SANDRA is one of the prostitutes who do not use prostitution to increase her power and self-esteem. Her miserable interview speaks for itself.

ROBYN's is a vocational and an avocational masochist. She accepts payment from men who beat her, and she has a pimp at home who was among the worst I ever heard of or met.

SEAN was a male sadomasochistic prostitute who performed sadism to homosexual men. I met him at the brothel, where he worked as an assistant manager. Sean has much to say about the nature of prostitution as he sees it.

LUCY's chapter, like many in my earlier book, is organized like a scene, with other people and events in the background.

ROSE is a dominatrix. She is a highly paid professional with an international reputation among masochistic men. The first two thirds or so detail what one does if it is a dominatrix that one happens to be. When a man reads this chapter, I always know when he gets to one particularly explicit passage describing an excruciating act Rose performs, because the readers always cross their legs: the male self-protective reflex.

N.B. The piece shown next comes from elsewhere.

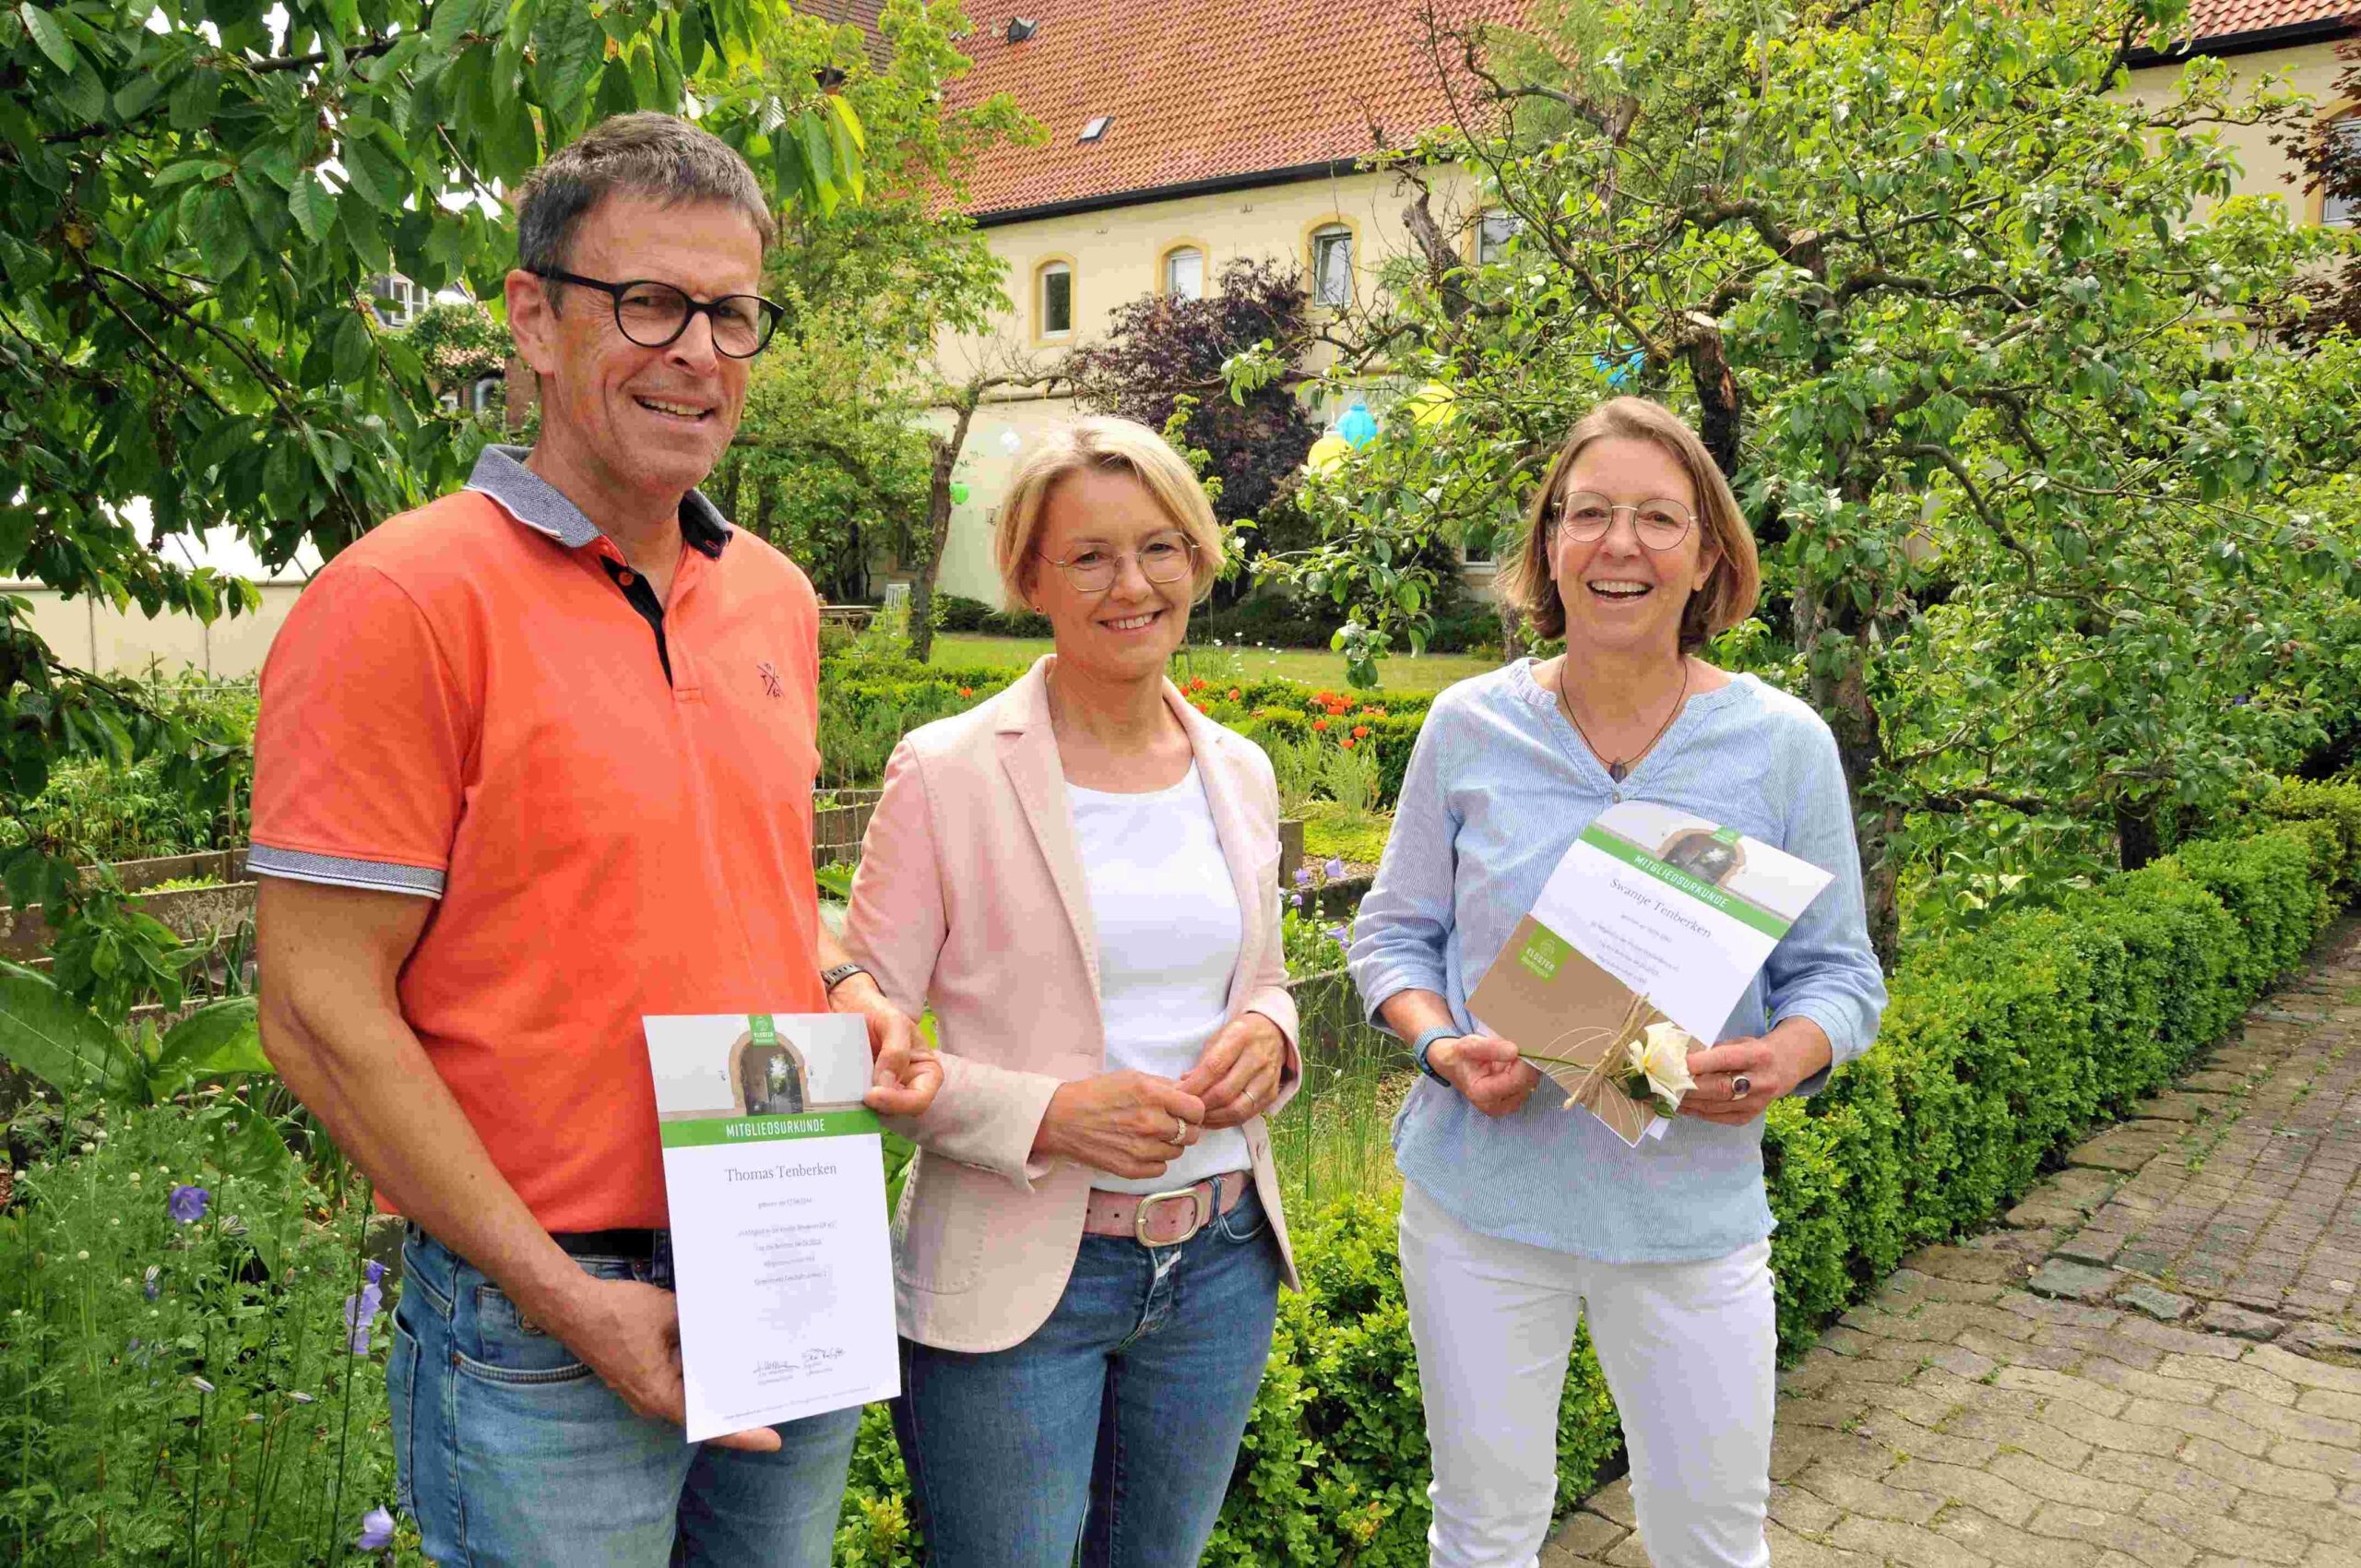 Thomas Tenberken, Sonja Rakete und Swantje Tenberken als Mitglied mit der Nr. 1000

Rose tells what her father did to her as a child in the last third of this chapter. When I told Rose that a Dutch social-worker had vomitted on the floor of my home after reading this passage, Rose first laughed out loud, and then insisted on meeting that woman. I organized a meeting of friends of mine in a bar, none of whom was from the prostitution world. Rose walked in, looking like an accountant or a young lawyer - she looks rather ordinary when not dressed up in her work-clothes, which are things like boots and SS uniforms. None present knew he was meeting Rose herself. Everybody at that table had read bits of my interviews, including Rose's and others' abuse narratives. All expressed their outrage and horror at Rose's father's depraved torture of his child. Rose quizzed them all in turn about their reactions; she had been under the impression that most men would become sexually aroused at such a story.

Rose thereafter became very involved in helping me with my book and introducing me to her friends, so that I now know much more about sadomasochism than I did when I wrote this chapter. Rose and I remain in frequent contact, and we are good friends.

Rose once mentioned that a certain friend of hers would not tell me about her childhood, because "it was so much worse than mine was." One of the reasons why I value Rose's friendship as much as I do is that a woman who suffered as much as Rose did is able to perceive somebody else as having suffered more, and of feeling compassion for that suffering.